DATA FOR THIS TASK -
++++++

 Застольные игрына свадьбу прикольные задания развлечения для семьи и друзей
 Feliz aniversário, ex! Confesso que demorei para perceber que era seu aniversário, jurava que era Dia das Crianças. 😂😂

++++++

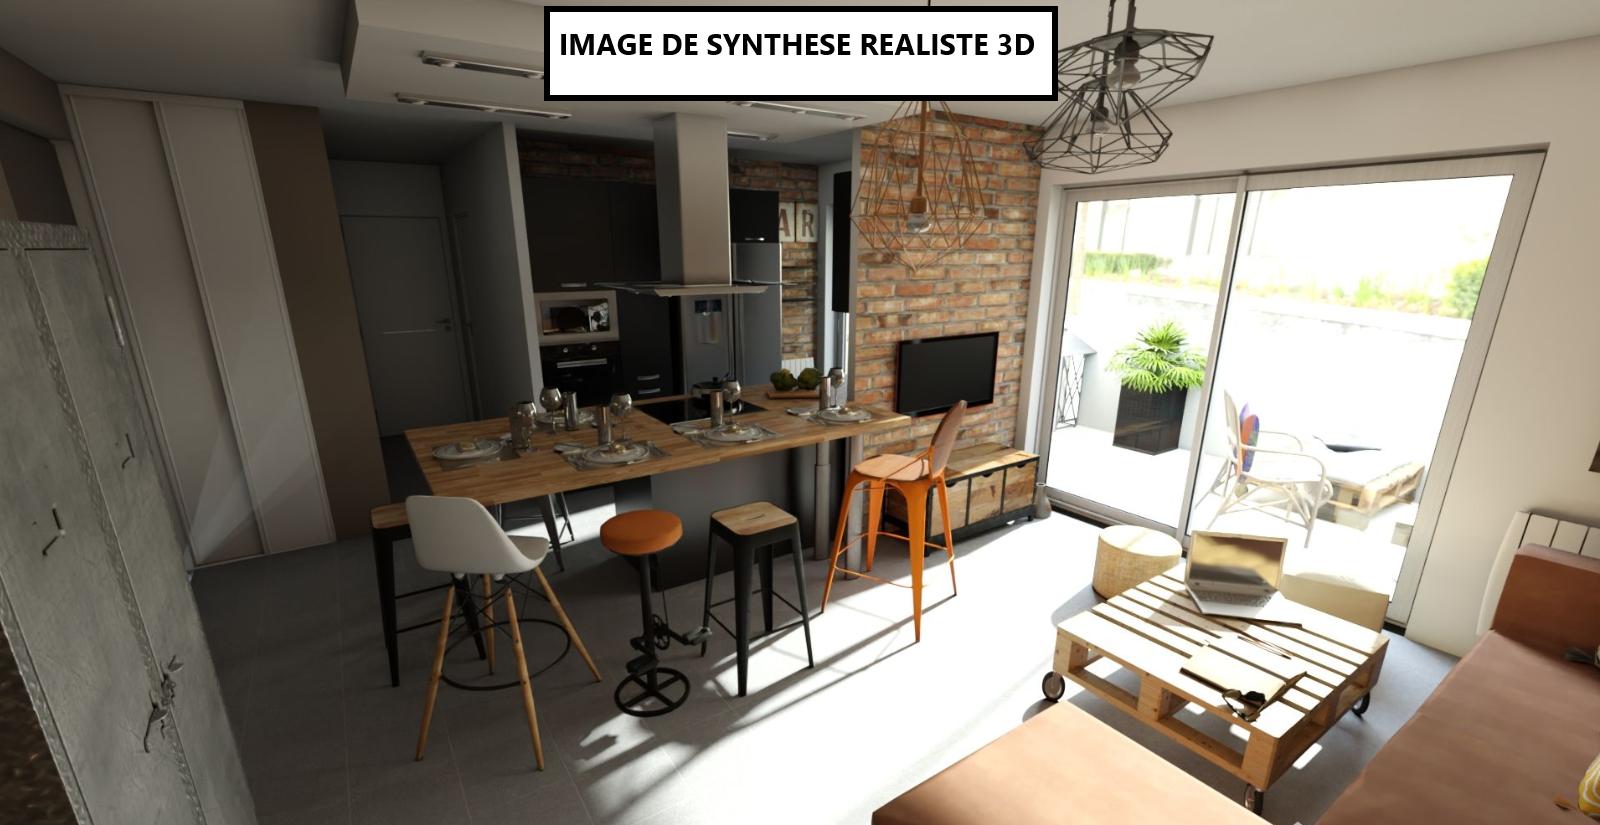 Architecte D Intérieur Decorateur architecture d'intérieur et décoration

++++++

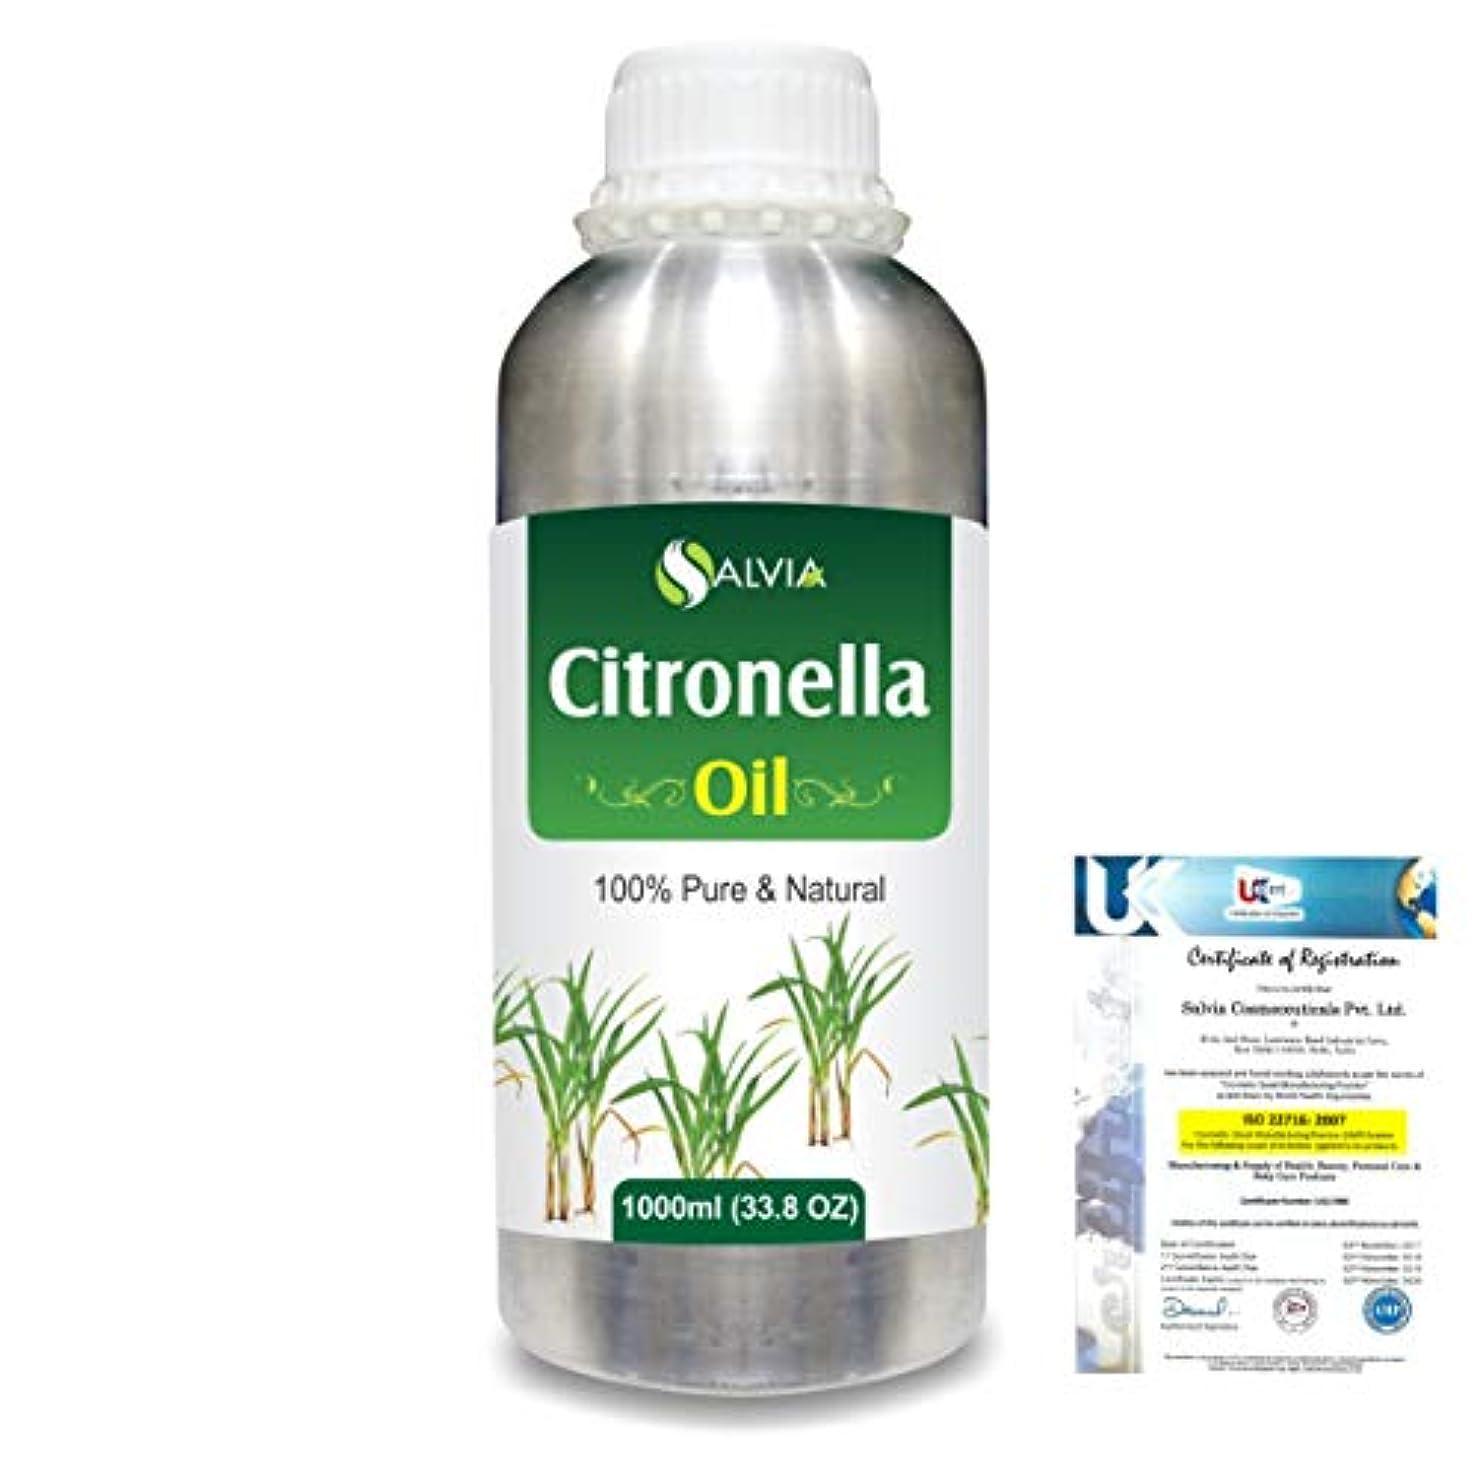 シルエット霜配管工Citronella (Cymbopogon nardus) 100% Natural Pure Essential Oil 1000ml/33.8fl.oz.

++++++

TASK ITEM - Find where the line with "Застольные игрына свадьбу" sits in the material above, then copy exactly from it through the line with "Feliz aniversário, ex!". Add no other line.

OUTPUT BELOW -
 Застольные игрына свадьбу прикольные задания развлечения для семьи и друзей
 Feliz aniversário, ex! Confesso que demorei para perceber que era seu aniversário, jurava que era Dia das Crianças. 😂😂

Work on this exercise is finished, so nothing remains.